This advice is repeated throughout the LetsEncrypt website and each of their API Announcements:

We will always aim to give as much advance notice as possible for such changes, though if a serious security flaw is found in some component we may need to make changes on a very short term or immediately. For intermediate changes in particular, you should not hardcode the intermediate to use, but should use the Link: rel="up" header from the ACME protocol, since intermediates are likely to change.

Some reasons why this is bad design:

1- The corresponding Intermediate Certificate is delivered along with the EndEntity/Leaf Certificate as part of the ACME spec. Some ACME clients might parse the Certificate out of the Chain, but the correct intermediate is ALWAYS delivered with the downloaded Certificate. This means your system is actively discarding the Intermediates.

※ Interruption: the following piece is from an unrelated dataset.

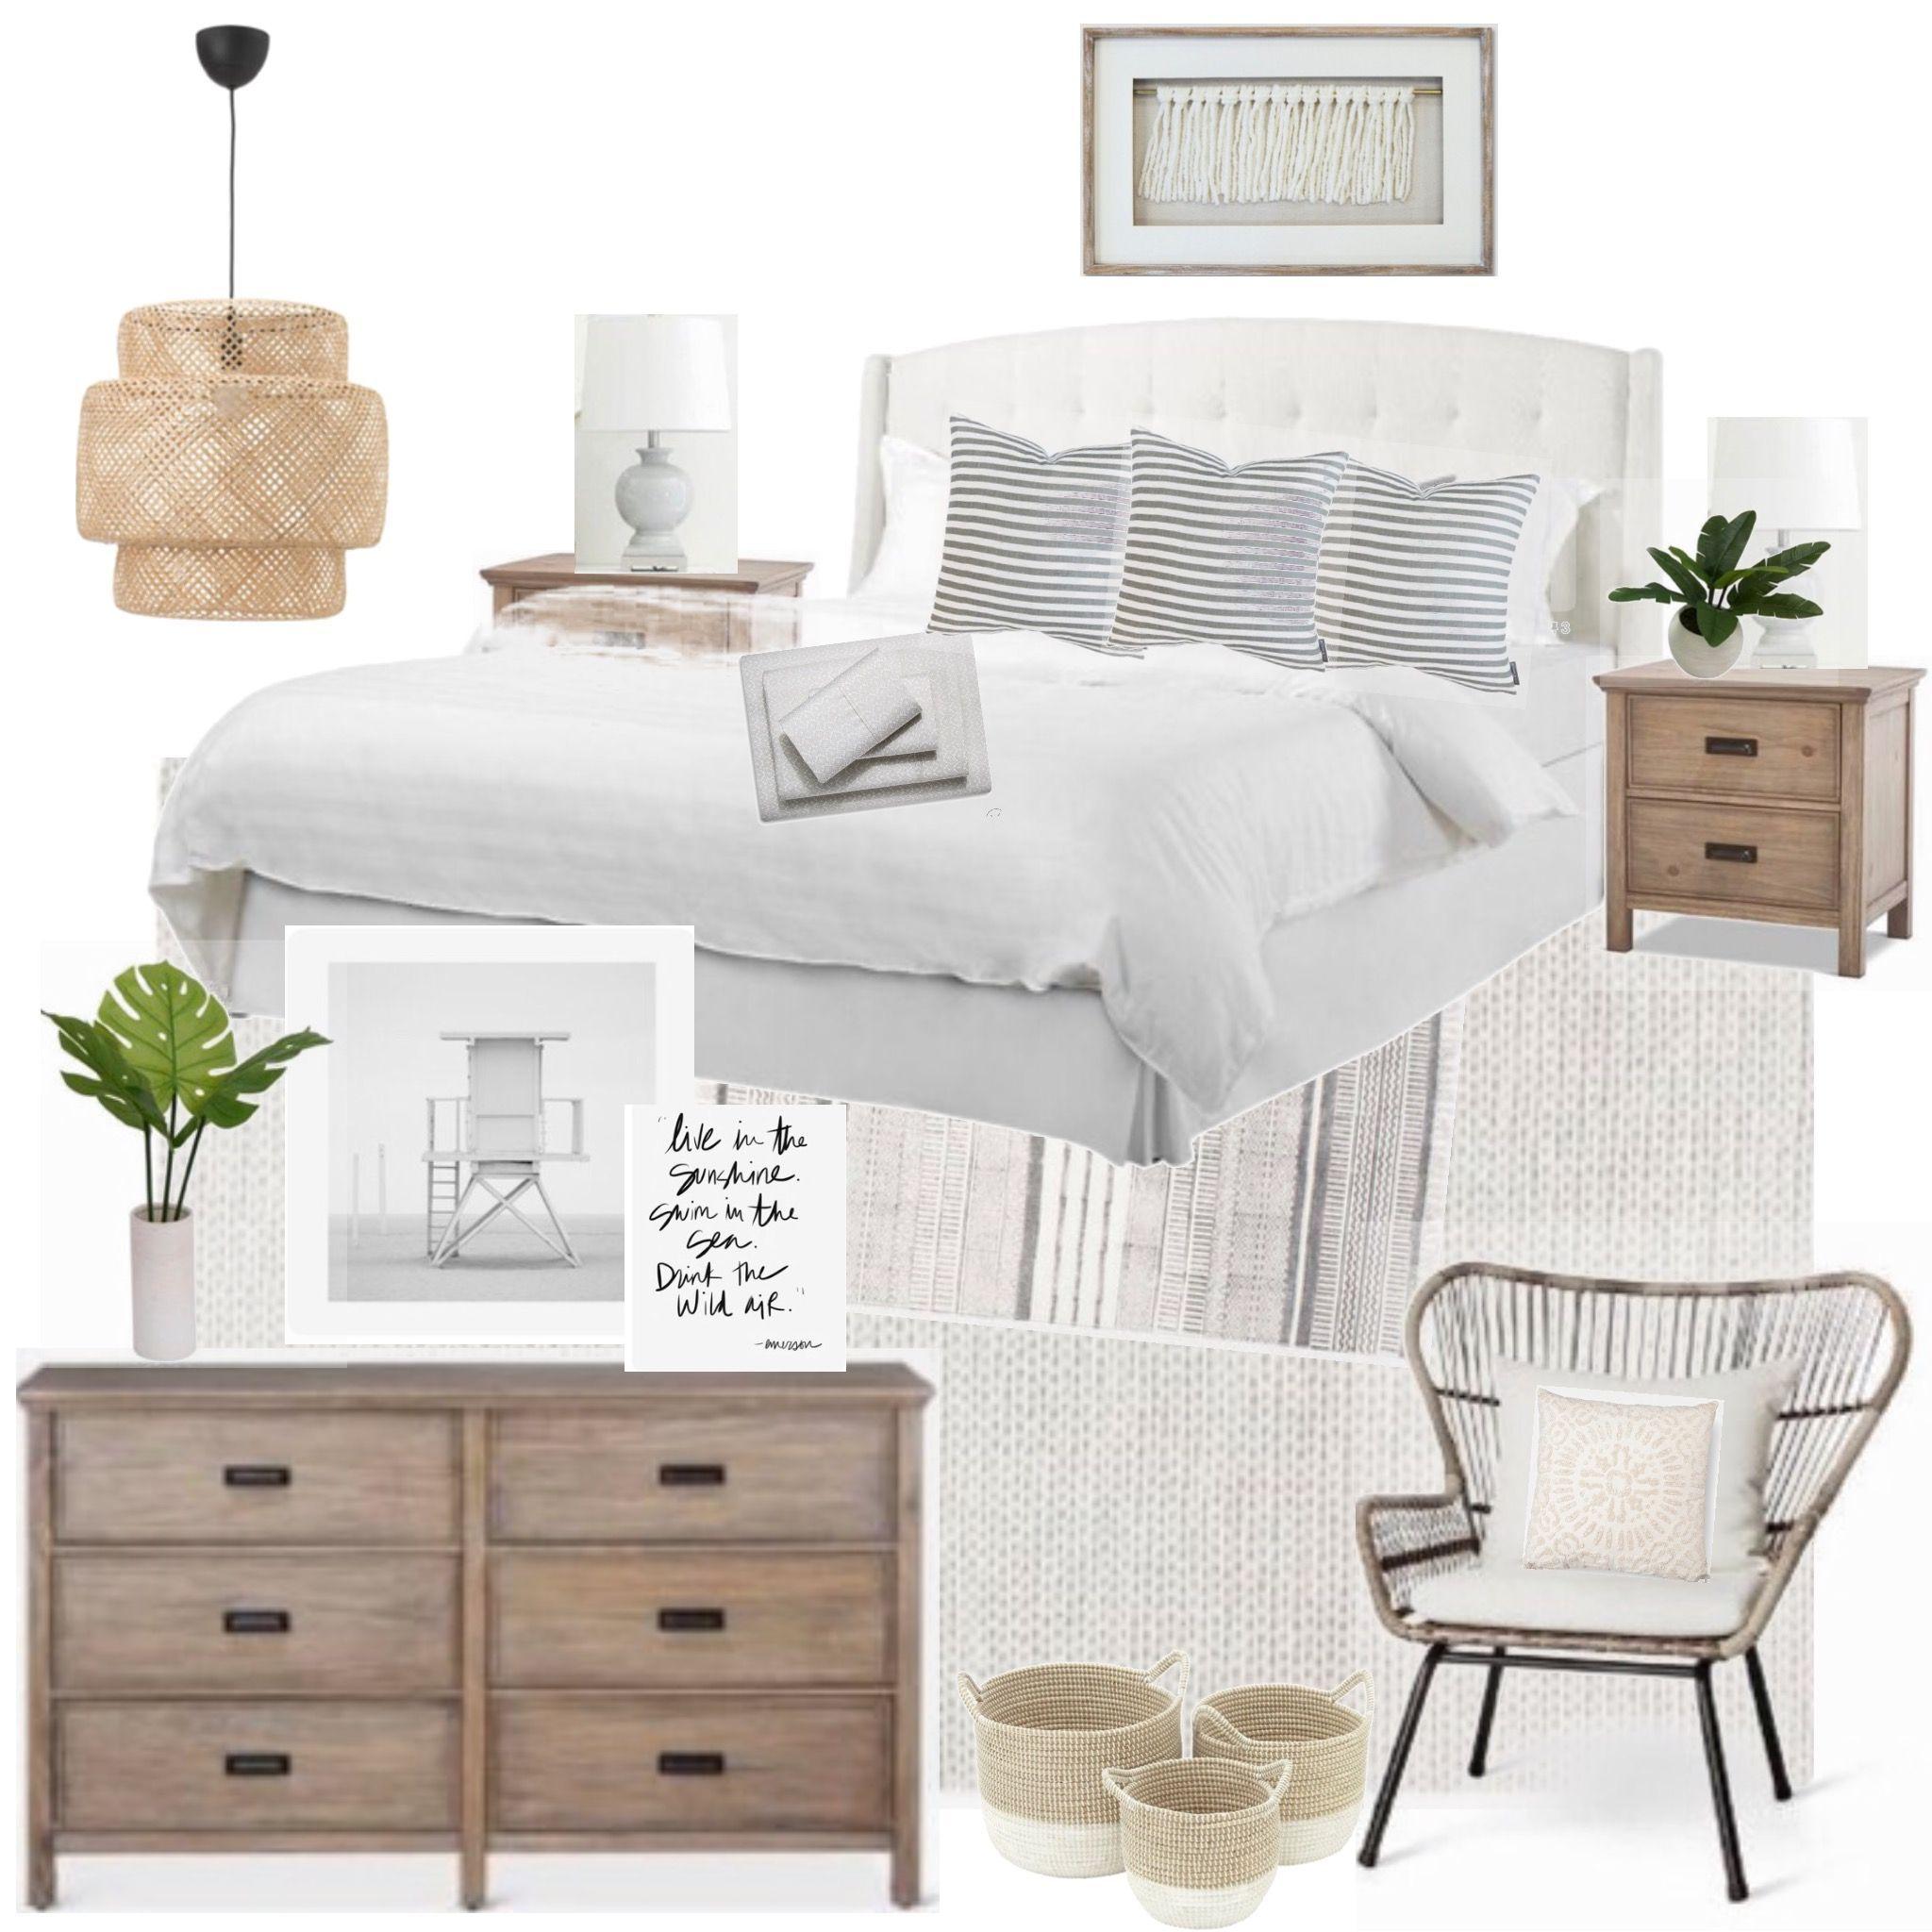 DesignSixtyFive Bedroom Mood Board modern coastal boho

2- There can be more than one corresponding Intermediate Certificate, as the ACME spec provides for Alternate Chains. The corresponding intermediates share the same Public Key component. Your client might select an up-chain Certificate with a compatible Public Key for any given Certificate, but that might not create the best chain for your clients. You did not mention if your system is designed to prefer one chain over another, but the design decision suggests you do not fully understand how the intermediates work.

I often do a lot of esoteric integrations when it comes to ACME and there are many ways to optimize storage and bandwidth - but hardcoding intermediates is not one of them.

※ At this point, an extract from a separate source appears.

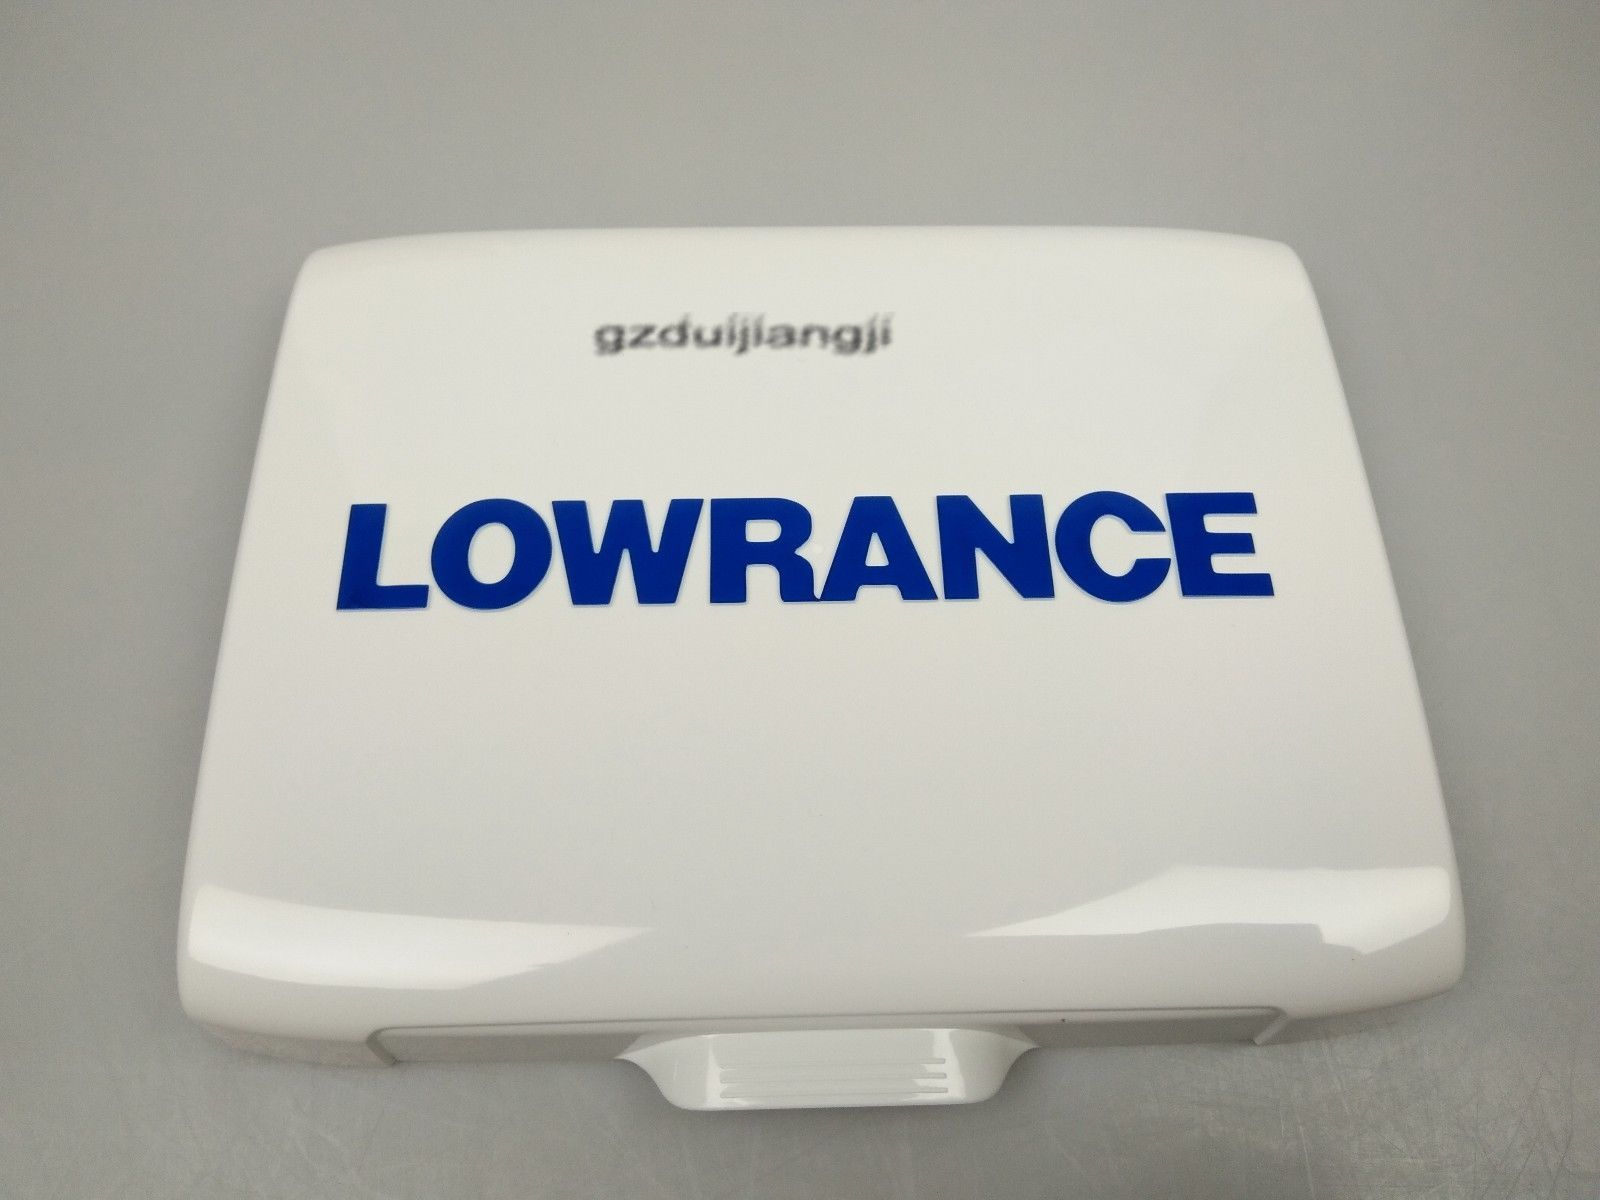 Lowrance Fishfinders Consumer Electronics Gps navigation

If you are concerned with storage for some reason, a simple pattern to implement is to only save a single copy of the full intermediates/chain on your system, and store a reference to that chain (and potentially each alternate chain) alongside the certificate. For example, I store my Certificates and Intermediates in an RDBMS. Every Certificate and Intermediate has a unique ID, and the full chains (as offered by the acme server) are just stored a list of these ids. I can export this into PEM files on demand. If the server did not present the chain I wanted (some CAs might have cross-signs that are not officially offered as part of a chain, but can be used to create one ad-hoc), I can also construct compatible chains as well.

The easiest fix you can have though, is to just save the intermediates instead of throwing them out -- and use that saved directory as your datasource for intermediates instead of hardcoding them. You can still determine which Intermediate to use at runtime based on the public keys, but instead of having an emergency every so often, your system auto-populates this.

4 Likes

You are absolutely right, jvancasco.

The problem is that sometimes a bad design is the only possible design, which seemed to be the case on that old device.

BTW, we do not hard-code intermediates in production.